Акушерка скрылась за дверью.
– Ручаюсь, это происки пани Катарины! – решительно заявил Тадеуш. – Вроде и видела Агнусю всего пару раз, а уже успела забить голову всякой ересью. Ну, я такой узелок покажу драгоценной теще, что на всю оставшуюся жизнь запомнит! Несчастный мой тесть!
Глава 30
Я посмотрел на листы бумаги, выложенные аккуратной стопкой по левую руку. Затем перевел взгляд на горку смятых листов справа. Наконец с тяжелым вздохом взглянул под ноги, где валялась такая же горка… И помянул князя Вишневецкого «незлым тихим словом».
Дернув шнур звонка, приказал торопливо появившемуся слуге принести еще одну большую порцию кофе, да покрепче. С раздражением ловя себя на мысли, что Иеремия, конечно, мой благодетель и начальник, но все-таки редкостная свинья! В конце концов, кто из нас собирается стать королем?! Неужели ему так трудно было самому написать это распроклятое письмо! Тем более что он-то, в отличие от меня, прекрасно знает всех членов Сейма! Ну, или большинство по крайней мере. Знает, как с ними нужно разговаривать, какие аргументы использовать, на какие слабые места давить… Так нет же! «Пан Анджей не откажется, надеюсь, составить текст, хотя бы вчерне? Езус свидетель, очень устал, неважно чувствую себя…» А я, выходит, никогда не устаю! Как только сошел снег и просохла земля, возобновились учения, да в таких масштабах, что предыдущие показались детской игрой. С марш-бросками на длинные дистанции, установкой проволочных заграждений, развертыванием конной артиллерии и сосредоточением огня… К вечеру гудели ноги, одежда насквозь пропитывалась потом. А тут еще младенец, которому нужно уделять время и силы! Я молодой отец, тысяча чертей, и тоже хочу отдохнуть!
«Перетрудился, бедненький! – плаксиво загнусавил внутренний голос. – Не высыпаешься, сыночка ночами укачиваешь, на прогулки выносишь, пеленки ему меняешь… Может, еще и кормишь грудью?»
– Да пошел ты! – огрызнулся я, придвигая к себе новый лист.
– Куда мне идти, проше ясновельможного пана? – опасливо спросил слуга, как раз в эту минуту принесший кофейник.
– Это я не тебе! Поставь вот сюда, – я раздраженно смахнул со стола измятые листы, – и можешь быть свободен.

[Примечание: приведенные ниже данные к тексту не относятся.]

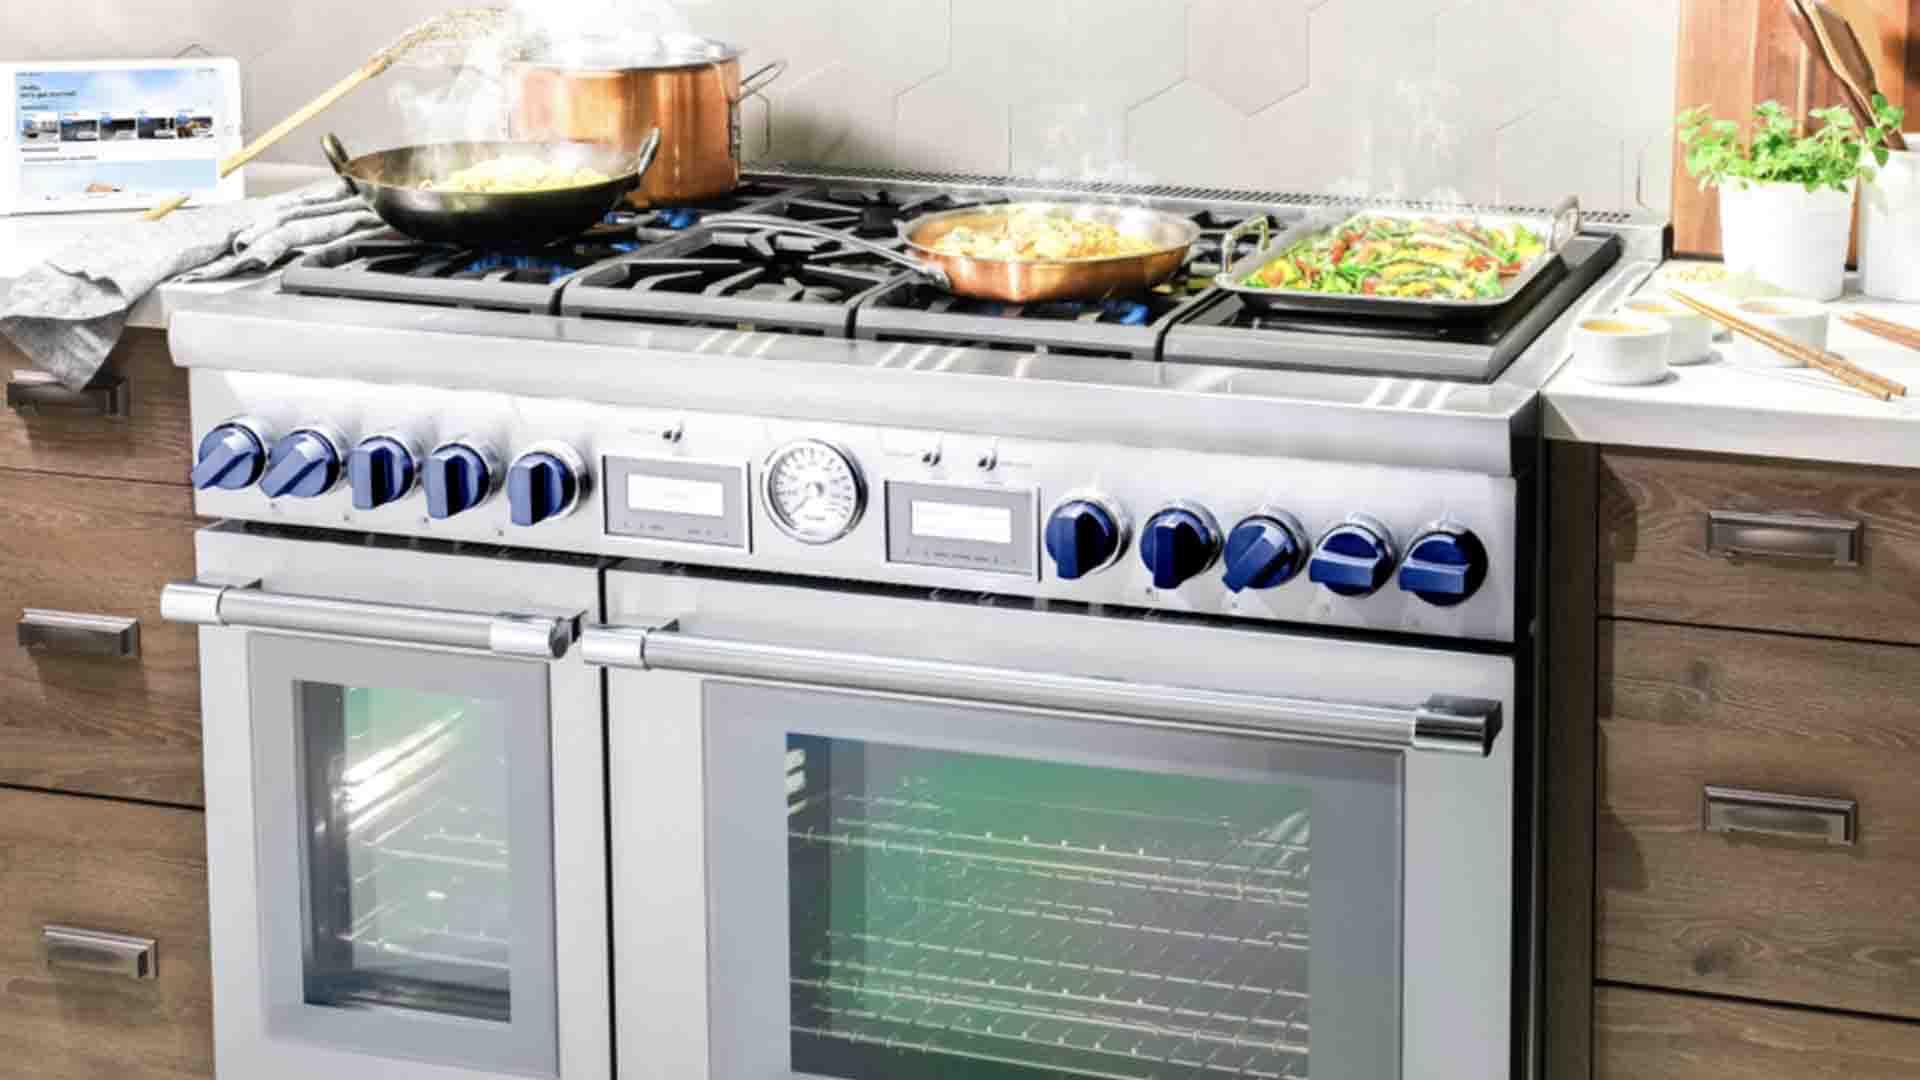 Thermador Range Repair Service   Thermador Appliance Repair Pros

– Слушаюсь, ясновельможный! – слуга удалился чуть ли не бегом, явно решив, что не стоит искушать судьбу, раз уж начальство не в духе.
Налив полную чашку, я буквально через силу проглотил немного горячей ароматной жидкости. Выпито было столько, что уже не лезло. Хотя кофе сварили просто восхитительно, спору нет! В конце концов, Речь Посполитая переняла эту привычку напрямую от турок, а уж те – кофеманы известные… Ах, если бы еще умных мыслей от него прибавилось!
Я снова взялся за перо, постаравшись мысленно поставить себя на место князя. Ну, какими словами убедить этих сиятельных ослов в Сейме, какие аргументы подобрать, чтобы они врубились: ты просишь чрезвычайных полномочий не для того, чтобы стать диктатором, а только для общего бла… Стоп! Вот именно: чтобы стать диктатором, но лишь на короткое время и для общего блага! А если еще сослаться на известный исторический пример…
В голове внезапно просветлело, все стало ясно и понятно.